How do I remove the memory limit on openmpi processes?

How do I remove the memory limit on openmpi processes? - python

I'm running a process with mpirun and 2 cores and it gets killed at the point when I'm mixing values between the two processes. Both processes use about 15% of the machines memory and even though the memory will increase when mixing, there should still be plenty of memory left. So I'm assuming that there is a limit on the amount of memory used for passing messages in between the processes. How do I find out what this limit is and how do I remove it?
The error message that I'm getting when mpirun dies is this:
File "Comm.pyx", line 864, in mpi4py.MPI.Comm.bcast (src/mpi4py.MPI.c:67787)
File "pickled.pxi", line 564, in mpi4py.MPI.PyMPI_bcast (src/mpi4py.MPI.c:31462)
File "pickled.pxi", line 93, in mpi4py.MPI._p_Pickle.alloc (src/mpi4py.MPI.c:26327)
SystemError: Negative size passed to PyBytes_FromStringAndSize
And this is the bit of the code that leads to the error:
sum_updates_j_k = numpy.zeros((self.col.J_total, self.K), dtype=numpy.float64))
comm.Reduce(self.updates_j_k, sum_updates_j_k, op=MPI.SUM)
sum_updates_j_k = comm.bcast(sum_updates_j_k, root=0)
The code usually works, it only runs into problems with larger amounts of data, which makes the size of the matrix that I'm exchanging between processes increase

The culprit is probably the following lines found in the code of PyMPI_bcast():
cdef int count = 0
...
if dosend: smsg = pickle.dump(obj, &buf, &count) # <----- (1)
with nogil: CHKERR( MPI_Bcast(&count, 1, MPI_INT, # <----- (2)
root, comm) )
cdef object rmsg = None
if dorecv and dosend: rmsg = smsg
elif dorecv: rmsg = pickle.alloc(&buf, count)
...
What happens here is that the object is first serialised at (1) using pickle.dump() and then the length of the pickled stream is broadcasted at (2).
There are two problems here and they both have to do with the fact that int is used for the length.
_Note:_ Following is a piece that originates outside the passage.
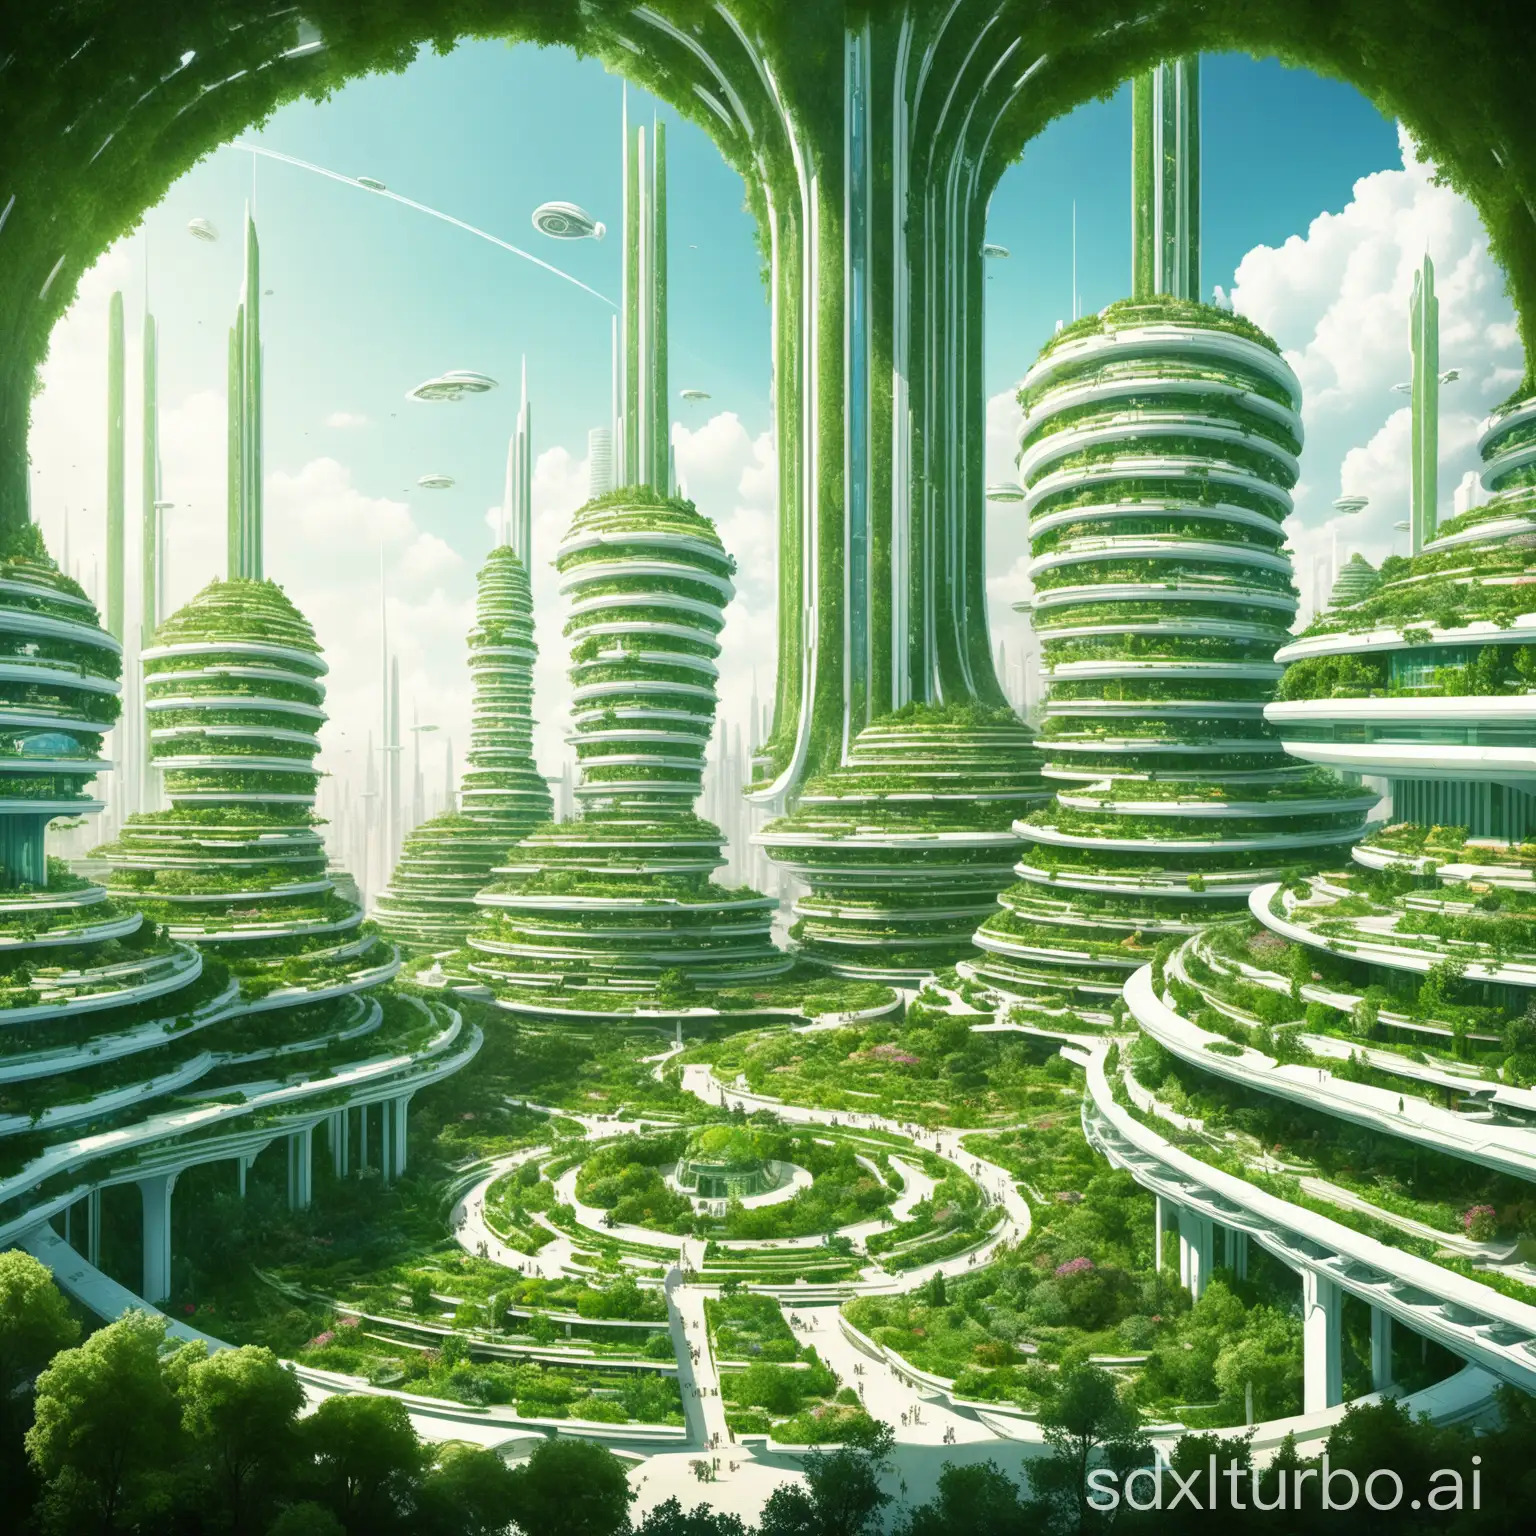 Futuristic-Utopian-City-with-Bozar-Architecture-and-Abundant-Greenery

The first problem is an integer cast inside pickle.dump and the other problem is that MPI_INT is used to transmit the length of the pickled stream. This limits the amount of data in your matrix to a certain size - namely the size that would result in a pickled object no bigger than 2 GiB (231-1 bytes). Any bigger object would result in an integer overflow and thus negative values in count.
This is clearly not an MPI issue but rather a bug in (or a feature of?) mpi4py.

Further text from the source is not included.